THE CLAIMS DEFINING THE INVENTION ARE AS FOLLOWS:
1. A pharmaceutical or veterinary composition comprising an antimicrobial peptide and a macrolide component together with a pharmaceutically or veterinarily acceptable carrier, wherein said antimicrobial peptide and macrolide component interact synergistically against a multi-drug resistant microorganism.
2. A composition according to claim 1, wherein said antimicrobial peptide and macrolide component interact with bidirectional antimicrobial synergy against a multi¬ drug resistant microorganism.
3. A composition according to claim 1 or 2, wherein said antimicrobial peptide is a member of the polymyxin class of antibiotics and synthetic derivatives thereof .
4. A composition according to claim 3, wherein said polymyxin is selected from the group consisting of polymyxin A, B1, B2, D1, D2, E1 and/or E2, F, G, M, P, S and/or T.
5. A composition according to claim 4, wherein said polymyxin is selected from polymyxin Bl and/or polymyxin B2.
6. A composition according to claim 4, wherein said polymyxin is selected from colistin A and/or colistin B.
7. A composition according to claim 6, wherein said polymyxin is in the form of a colistin salt.

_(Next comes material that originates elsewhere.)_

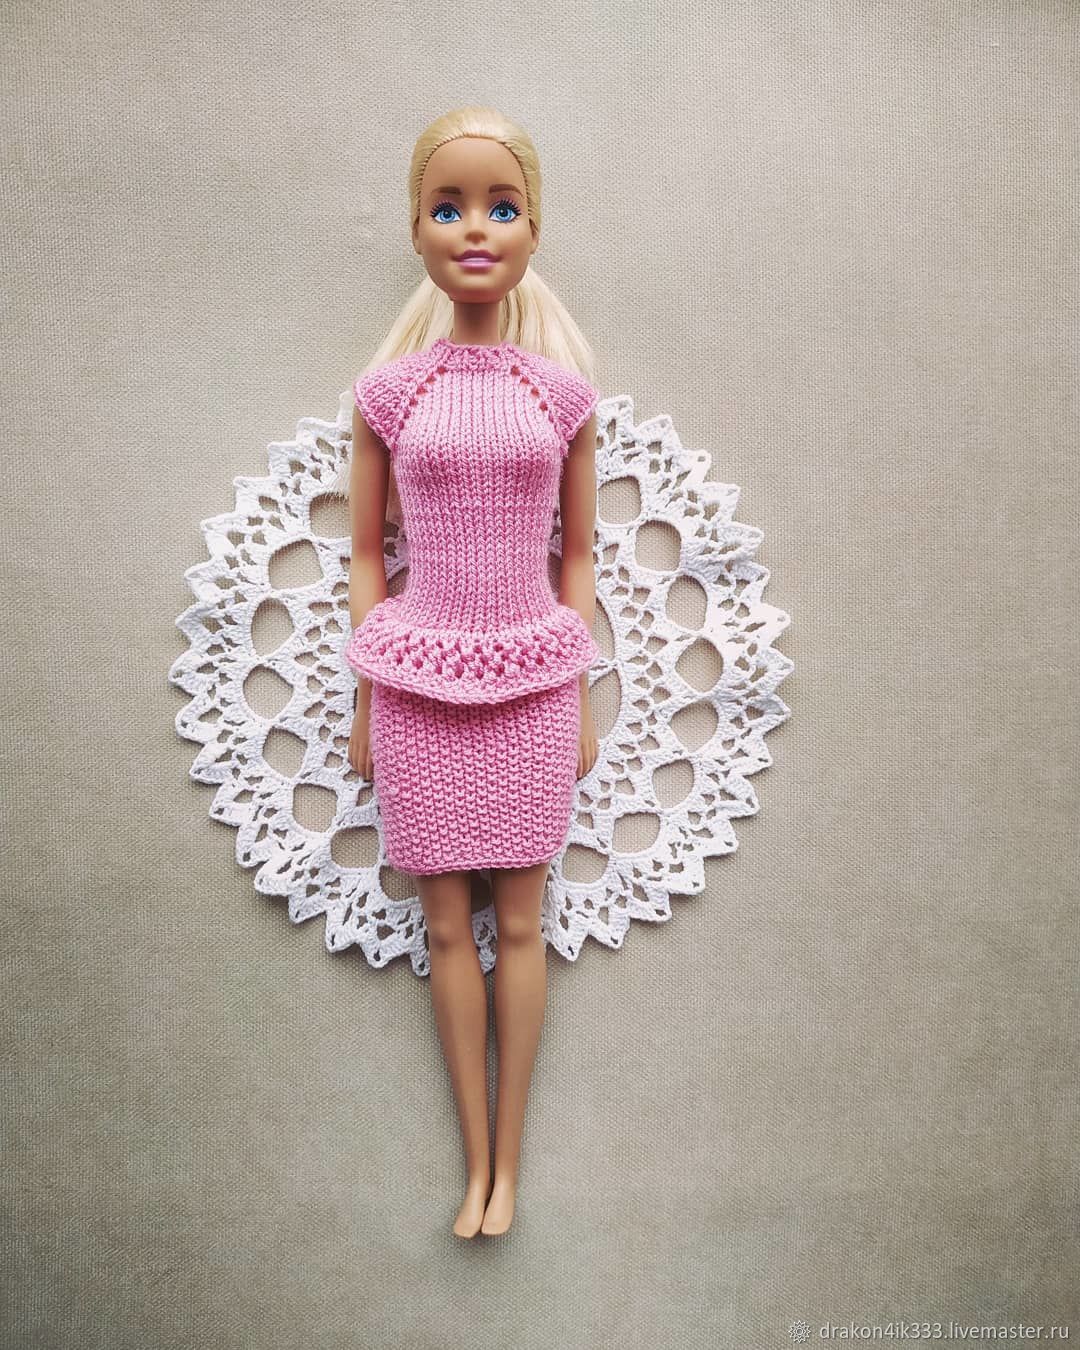 Мастер-класс (фото мк) по вязанию платья для куклы Барби (Barbie) спицами. | Люськлюзив | Дзен

8. A composition according to claim 7, wherein said salt is a methane sulphonate and/or a sulphate salt.
9. A composition according to any one of claims 1 to 8, wherein said macrolide is selected from ketolides and/or lactone ring-based compounds containing a 14 to 19 membered lactone ring.
10. A composition according to claim 9, wherein said lactone ring-based compound contains a 14-15 membered lactone ring.
11. A composition according to claim 9 or 10, wherein said macrolide is selected from the group consisting of erythromycin, clarithromycin, azithromycin and/or telithromycin.
12. A composition according to any one of claims 1 to 11, wherein said antimicrobial peptide is colistin sulphate and/or colistin methane sulphonate, and said macrolide is erythromycin, clarithromycin and/or azithromycin.
13. A composition according to claim 12, wherein said antimicrobial peptide is colistin methane sulphonate and said macrolide is clarithromycin.
14. A pharmaceutical or veterinary composition comprising colistin methane sulphonate and clarithromycin together with a pharmaceutically or veterinarily acceptable carrier, wherein said colistin methane sulphonate and clarithromycin interact with bidirectional synergy against a colistin resistant microorganism.
15. A product or kit comprising a pharmaceutical or veterinary composition as defined in any one of claims 1 to 14, in which the antimicrobial peptide and macrolide component are held separately for separate, sequential or simultaneous use.
16 . A composition according to any one of claims 1 to 13 , wherein said multi-drug resistant microorganism is selected from the class of gram-negative microorganisms
17. A composition according to claim 16, wherein the multi-drug resistant microorganism is resistant to at least one member of the polymyxin class of antibiotics and synthetic derivatives thereof.
18. A composition according to claim 10, wherein the multi-drug resistant microorganism is polymyxin resistant Pseudomonas aeruginosa, Acinetobacter baumannii,
Stenotrophomonas maltophilia, Salmonella spp and/or Klebsiella pneumonia and/or Shigella spp..
19 A composition according to claim 10 or 11, wherein the multi-drug resistant microorganism is resistant to colistin and/or a colistin salt.
20. A method of killing and/or preventing or inhibiting growth of a multi-drug resistant microorganism comprising the step of administering to a subject in need thereof an effective amount of a pharmaceutical or veterinary composition comprising an antimicrobial peptide and a macrolide component together with a pharmaceutically or veterinarily acceptable carrier, wherein said antimicrobial peptide and macrolide component interact synergistically against a multi-drug resistant microorganism.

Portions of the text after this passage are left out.